Since you put it that way?
EMT is a crap theory in the manner it is explained by its critics, which from what I have read, is highly distorted. From the critics you'd think it was an effort to create some sort of deterministic model of the markets. I don't get that at all. From my reading, it is not intended to be an effort to rationalize the markets, more the opposite. The concept that markets price in all that is known about a given stock seems intuitively obvious to me, provided you add, felt, predicted, and suspected. If the current price is not a reflection of all these elements at the current moment, then on what is it based? The critics of EMT can't seem to answer that question, not that I've heard. EMT isn't an attempt to model the future so much as it's an admission that this cannot be done.

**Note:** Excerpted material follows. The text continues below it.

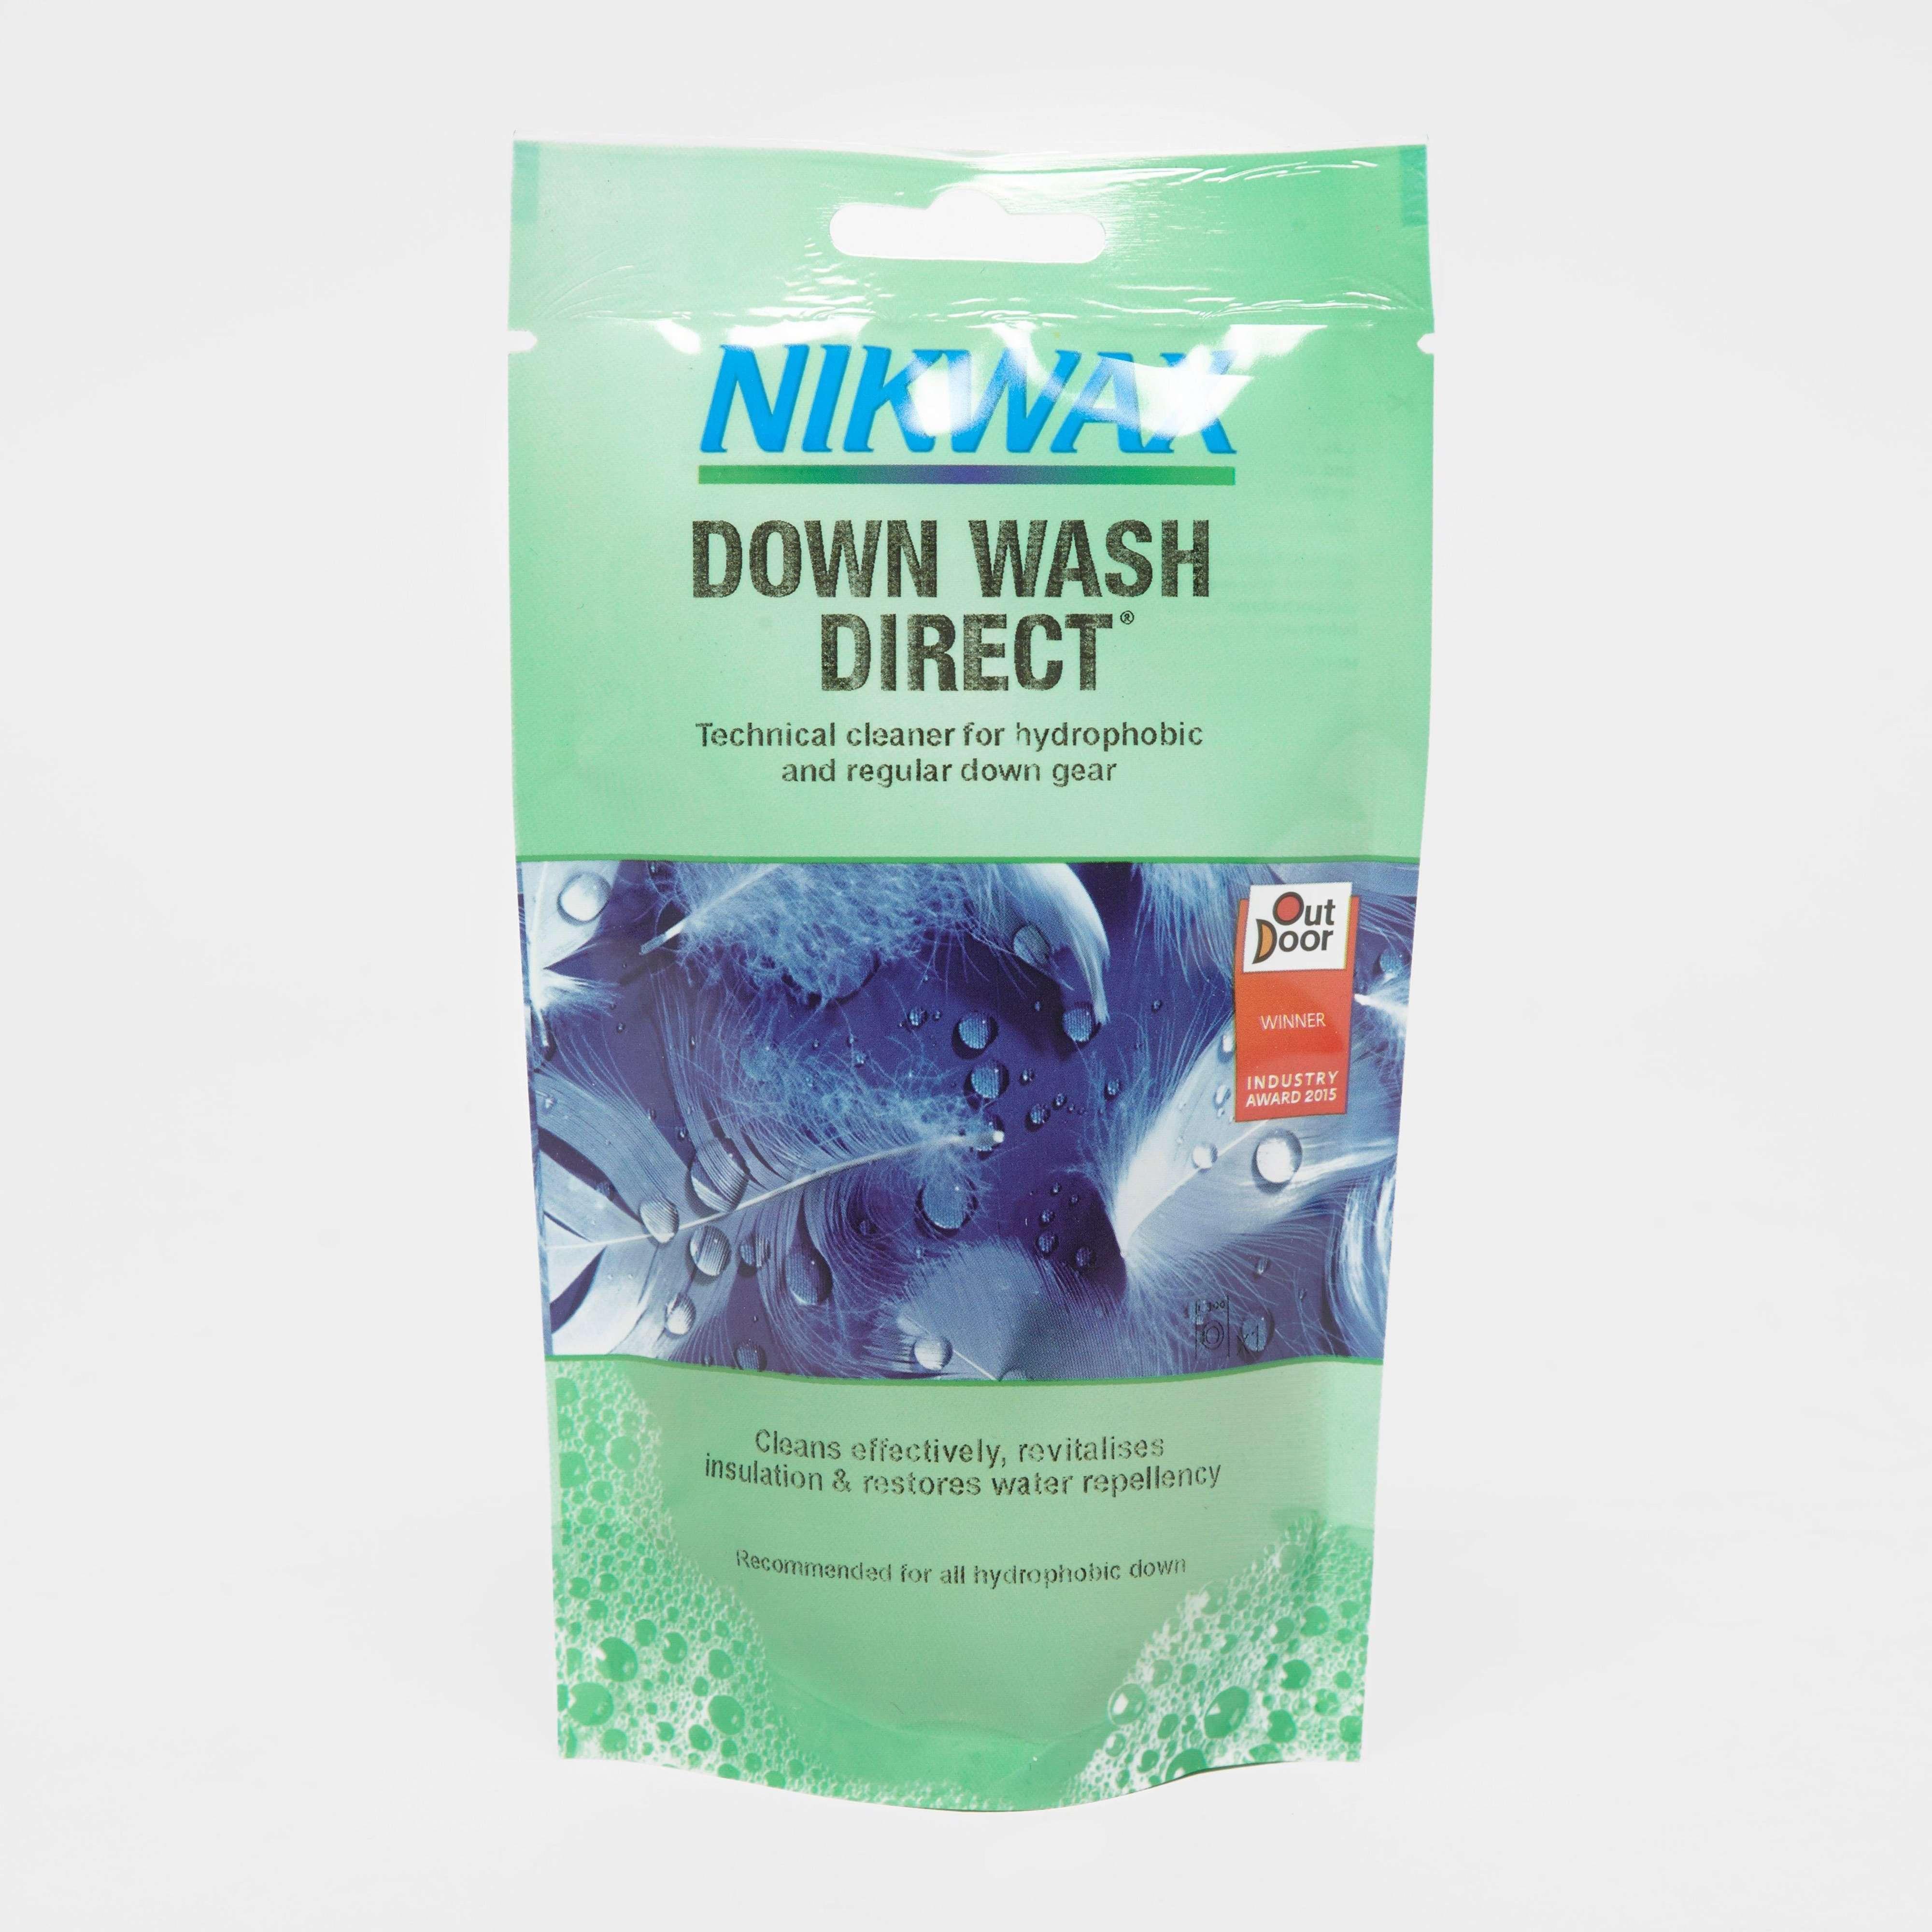 NIKWAX Down Wash Direct 100ml

Value investment gurus tell us that they can read things into stock pricing that others cannot. If they say a company is undervalued, then it is, even if the rest of the market doesn't see the same thing, or never does. If an "undervalued" company remains undervalued for years, then is it still undervalued? Is the value investor still right? According to whom? In my book they are only right if the markets ultimately see what they saw first. And unless you are Warren Buffett, good luck with that.
The problem with actively managed mutual funds isn't that they adhere to arbitrary rules, but in fact that they adhere to no rules at all. You will find that most of them style drift with abandon. You think you invested in small company growth, but is that what the fund is buying? Often a third or more of the actual investments at any given moment are in something else. Your investment goals are confounded by fund managers who chase trends -- for which you pay them.
It is always possible to outperform. Anything being possible, that isn't the question. The question is whether it is probable.